Far from national and international mass tourism, the Basilicata region is a unique-in-its-genre crossways between nature, history and culture, definitely worth discovering a little at a time.
For visitors who enjoy holidays in contact with nature, Maratea is near the Pollino National Park, the largest natural park in Italy, capable of offering fabulous landscapes and a fauna full of species that are now extinct in other parts of Italy, such as the golden eagle, the peregrine falcon and the griffon vulture.
Besides the Appennino Lucano Val d'Agri Lagonegrese National Park, the youngest Italian national park, the Basilicata region also offers another important naturalistic location: the Murgia Materana Archaeological Park, which includes the well-known Stones of Matera, declared a World Heritage Site by Unesco, along with the Park of the Rupestrian Churches of Matera.

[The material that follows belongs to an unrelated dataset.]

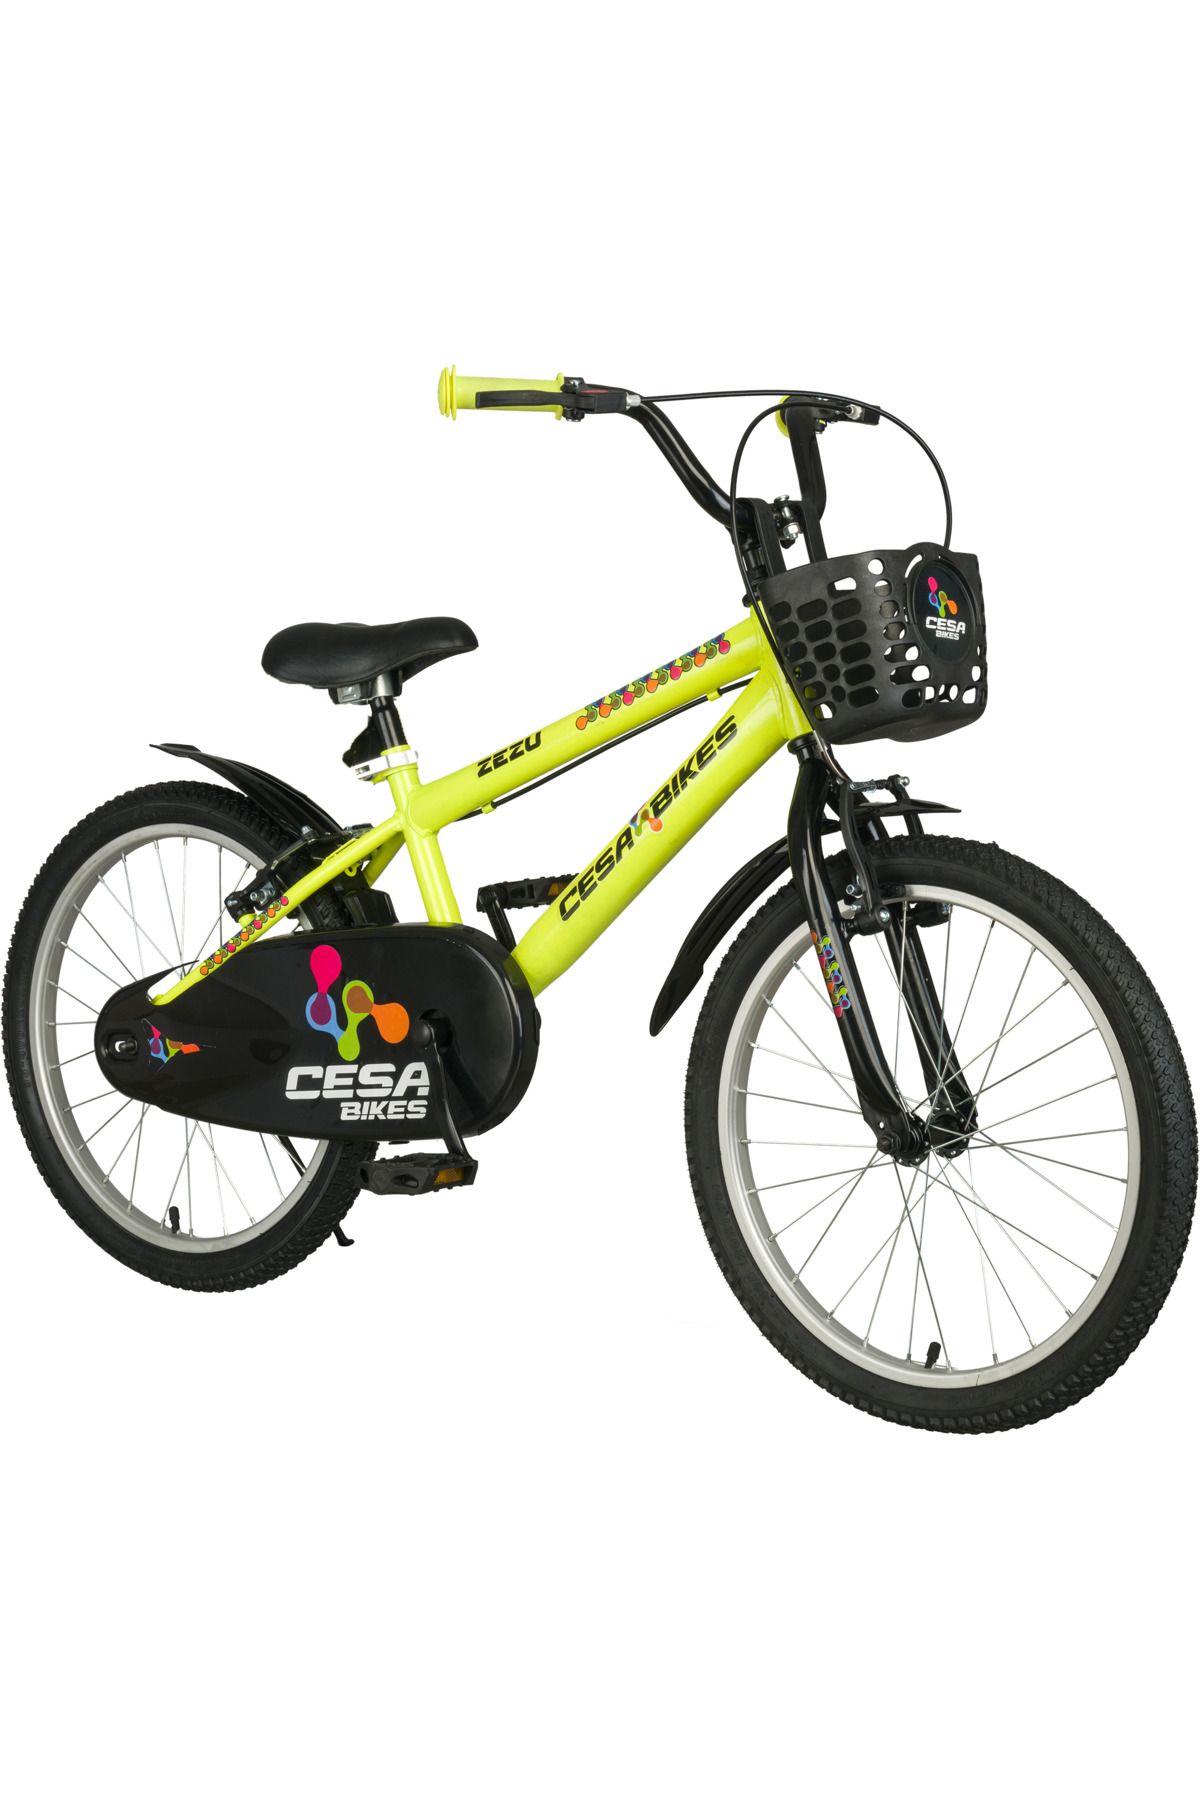 Cesa Bisiklet Cesa Bike Zezu 20 Jant Bisiklet 6-10 Yaş Çocuk Bisikleti Neon Sarı

Probably the best-known city in Basilicata, also thanks to its nomination as European Capital of Culture for 2019, Matera is known as the City of Stones, due to the particular nature of its historical centre.
This extremely ancient urban settlement, which coincides with the fulcrum of the Civita, the ancient city, is located in two small valleys separated by a rocky spur, and this hidden position helped the city survive centuries of history, making it almost invisible to its enemies.
Fascinating during the day and evocative at night-time, this city is bound to enchant you!
These small towns are but three of the many delightful pearls hidden in the Basilicata region.
With their respective Greek, Roman and Neolithic origins, these locations conserve important traces of human history in their numerous archaeological sites and museums, such as the National Archaeological Museum of Metaponto, in the homonymous town.
Overlooking two different seas, the coast of Basilicata is harsh ad jagged yet offers secret coves and beaches fully worth a boat trip, as well as many caves which can be visited according to the tide.
A short boat trip will also take you to the tiny islands of Punta della Matrella and Santo Janni: the latter, due to its high exposure to sun beams, is a harsh location whose rocks welcome the so-called Dragon of Santo Janni, a bizarre brown-blue lizard protected by specific laws.